Post
by RLBURNSIDE » 17 Mar 2017, 12:41
Enthusiasts' ideas are often incorporated (without credit let alone renumeration) into companies' product lines, surreptitiously. Although I do think VRR has been supported by eDP for laptops for many years, only for saving power instead of gaming.
VRR both makes sense and doesn't.
I write games VR now? And guess what, you need a stable 90+ fps, with low persistence for a smooth experience. In a headset you would notice saccaded rendering rhythm such as Freesync. It came up many times, the question :"why no VRR in Rift?"
In VR, they use frame compositors to "just-in-time" reproject or synthesize a new frame to maintain solid 90fps or 120fps (Morpheus renders at 60 fps all the time AFAIK and so this reprojection is always on, which also makes perfect sense given the GPU requirements).
What this begs is: Why don't 30 fps games use reprojection to hit 60fps, similar to morpheus 60 -> 120, and Rift/ Vive's 45 -> 90. Remember, if your frame takes over 11ms (1/90), your framerate is cut in half to 45 for that frame, resulting in stutter. Oscillating between 45 and 90, randomly, is extremely irritating, and even real frames vs reprojected ones don't look the same, obviously, so what you really want to do is render at a stable 45 fps + reproject to 90, or render at a stable 90 fps (and lose image quality probably, due to tradeoffs). So reprojection is like a safety net, and not something that is meant to be used, if targetting 90 fps your engine needs to try to do that on its own. And if you can't hit stable 90fps, you should instead pack as much detail into 45 fps frames as possible, and use reprojection on all the time. This will give a consistent look. This is the reason why Morpheus games are rendered at 60 fps instead of 120. It's hard enough for PS4 games to hit 60 most of the time, especially in stereo.
What I'm saying is: VRR is a neat trick, but ideally, you don't want variable frame duration, but reprojected frames to reduce temporal aliasing and input lag variance. If some frames naturally take 20 ms and others take 13ms, then you're going all over the place between 30 and 60 fps (typical gaming scenario pre-optimisation), and that variance will show itself to your eye. I like G-sync and so on, but I really think framerates should be unbounded, and the only frames the player ever sees should be of the reprojected and temporally re-sampled variety.

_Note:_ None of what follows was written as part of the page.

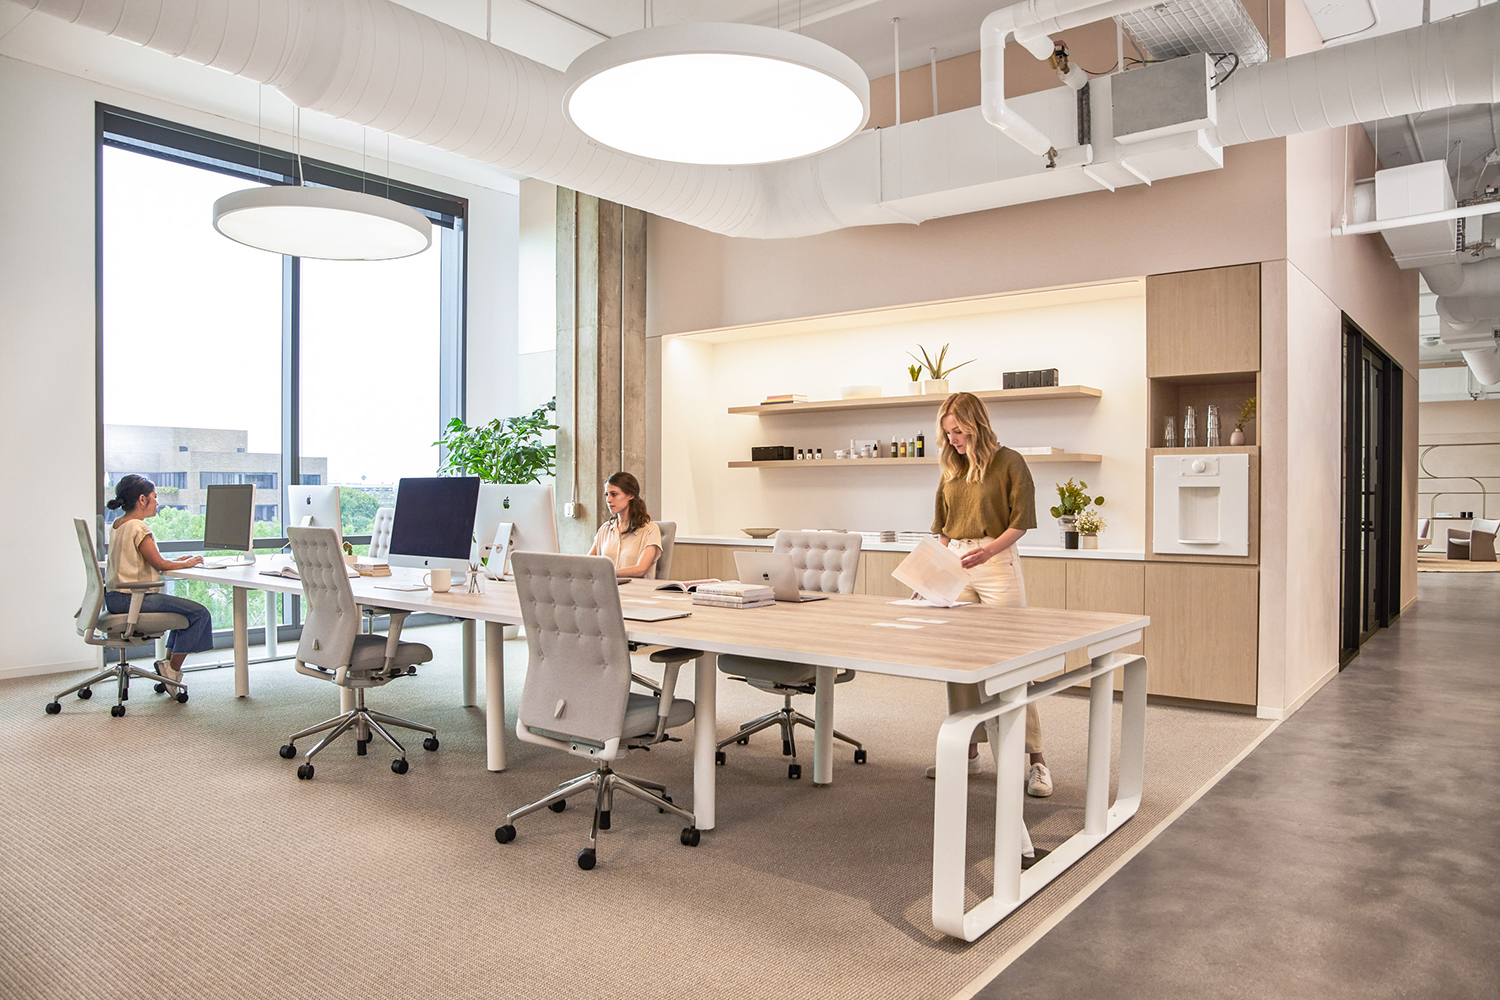 Walk That Talk: 5 Pro Tips To Have A Clean Office Carpet!

There is tech out there now for phase-space frame interpolation, acceleration and deceleration to do this in screen space, although in VR it's harder because screen space techniques don't work all that well (eye misconvergence). So VR reprojection needs the depth buffer. Which is fine because the frame compositor has the entire swap chain + depth to play with.
I really think the future of smooth gaming lies in innovations from VR tech being brought back into traditional TV / monitor 2D games. Time will tell.